Let $\Omega \subseteq \Bbb R^N$ be open, $\omega = \sum_{j=1}^n \omega_j\,{\rm d}x_j$ be a $1$-form in $\Omega$ such that $\sum_{j=1}^N|\omega_j(x)|\neq 0$ for all $x \in \Omega$, and $\theta = \sum_{i=1}^n \theta_i\,{\rm d}x_i$ be another $1$-form in $\Omega$ with $\theta \wedge \omega = 0$.
(a) Check that given $x_0 \in \Omega$, there is a neighbourhood $V_0$ of $x_0$ in $\Omega$ and $f \in {\cal C}^\infty_c(V_0)$ with $\theta = f\omega$ in $V_0$.
(b) If $K \subseteq \Omega$ is compact, conclude that there is $g$ of classe ${\cal C}^\infty$ in some neighbourhood $U$ of $K$ with $\theta = g\omega$ in $U$.
This is an exercise from these notes (in portuguese) in case it matters.
I have some ideas for both items, but I'm having trouble concluding them.
$(a)$. From the condition $\theta \wedge \omega = 0$, we have that $\theta_i\omega_j = \theta_j\omega_i$ for all $i < j$. Suppose without losing generality that $\omega_1(x_0) \neq 0$. Then $\omega_1 \neq 0$ in some neighbourhood $V$ of $x_0$, and so $\theta_j = \theta_1 \omega_j/\omega_1$ for all $j$. So $\theta = \frac{\theta_1}{\omega_1}\omega$ in $V$. But I don't know if $\theta_1/\omega_1 \in {\cal C}^\infty_c(V)$, nor if that $V$ is ultimately the $V_0$ we're looking for, and neither how to use a cutoff function to fix that.

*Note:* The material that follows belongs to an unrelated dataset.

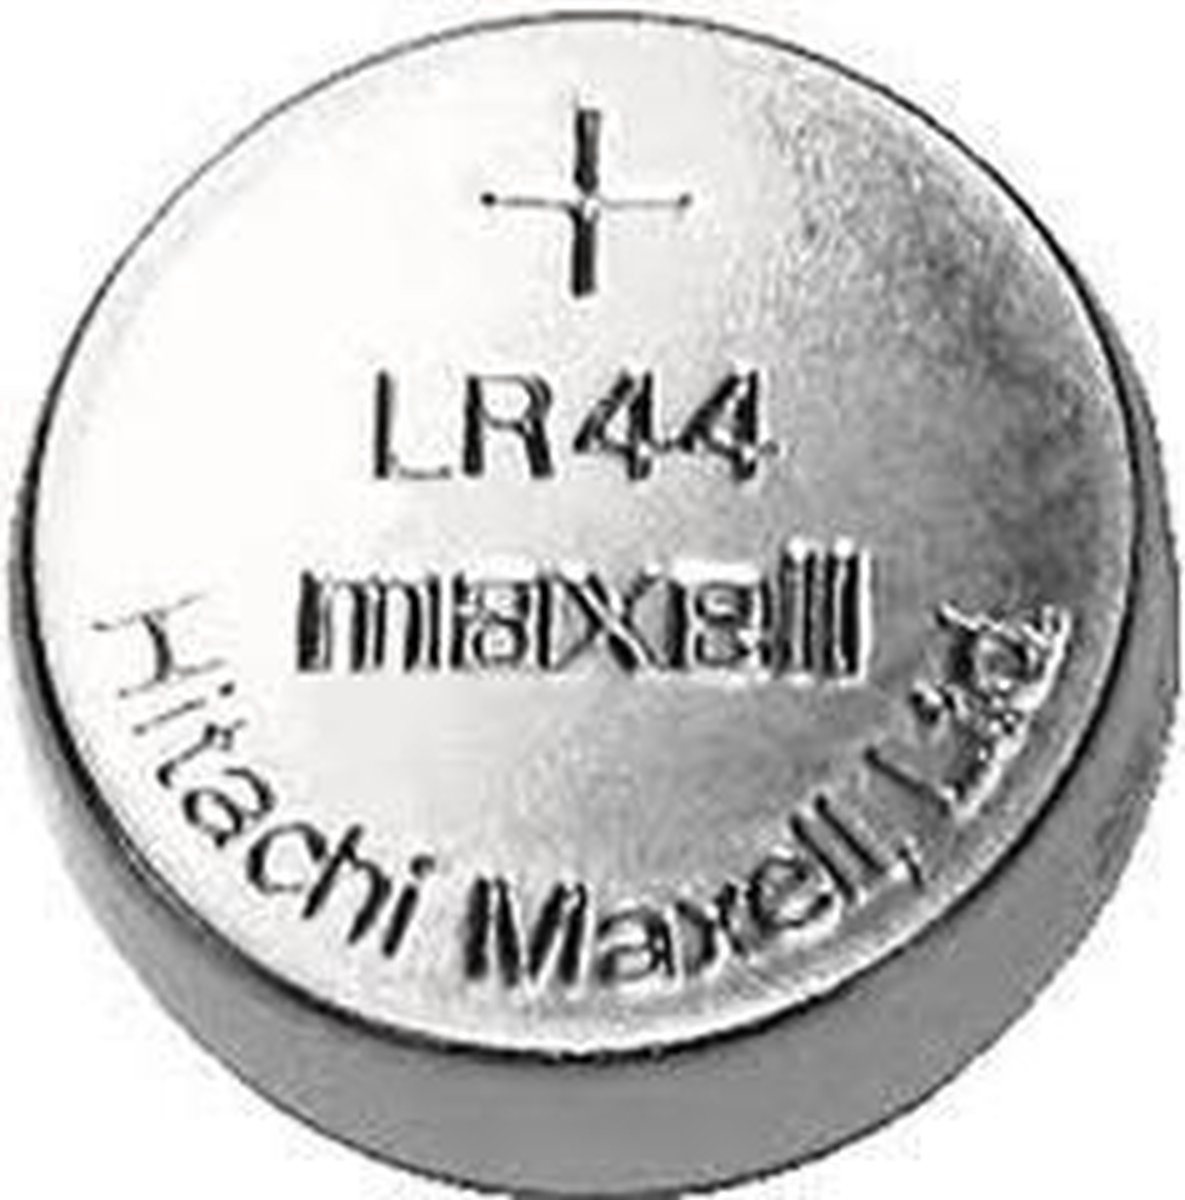 Maxell Alkaline LR44 1.5V 10 stuks

$(b)$. We assume item (a) here. For all $x \in K$ there is a neighbourhood $V_x$ of $x$ and $f_x \in {\cal C}^\infty_c(V_x)$ with $\theta = f_x\omega$ in $V_x$. Then $\{V_x\}_{x \in K}$ is an open cover of $K$ and by compactness there are points $x_1,\cdots,x_n$ in $K$ with $K \subseteq V_{x_1}\cup\cdots\cup V_{x_n}$. Then we take the partition of unity $\phi_j \in {\cal C}^\infty_c(V_{x_j})$, $0 \leq \phi_j \leq 1$, and $\sum_{j=1}^n \phi_j = 1$ in some neighbourhood $U$ of $K$. I want to say that: $$\theta = 1\cdot \theta = \sum_{j=1}^n \phi_j \omega = \sum_{j=1}^n\phi_jf_{x_j}\omega$$and put $g=\sum_{j=1}^n \phi_j f_{x_j}$, which seems the natural way of glueing the $f_{x_j}$'s, but I don't think this is quite right.
Help?
1) I assume they want $\theta$ to be compactly supported otherwise this might be false (just pick $\theta=2\omega$; then the only possible $f$ is not compactly supported.)
For every point $x \in U$, pick $i$ such that $\omega_i(x) \neq 0$. Then for nearby $x$, $\omega_i(x)$ is still not zero. Define $f(x)$ by $\theta_i(x)/\omega_i(x)$, like you did; for the same reason you gave, this is well-defined. It's smooth because for points near $x$ we may fix the $i$ we choose to define it by, because $\omega_i$ is continuous (and hence nonzero near $x$); and because both $\theta_i$ and $\omega_i$ are smooth, and near $x$ $\omega_i$ is never zero, $\theta_i/\omega_i$ is smooth by the quotient rule. (To be honest, I don't really see where compact support comes in here.)
2) Your construction works fine. Again as before I have no idea why you need a finite cover.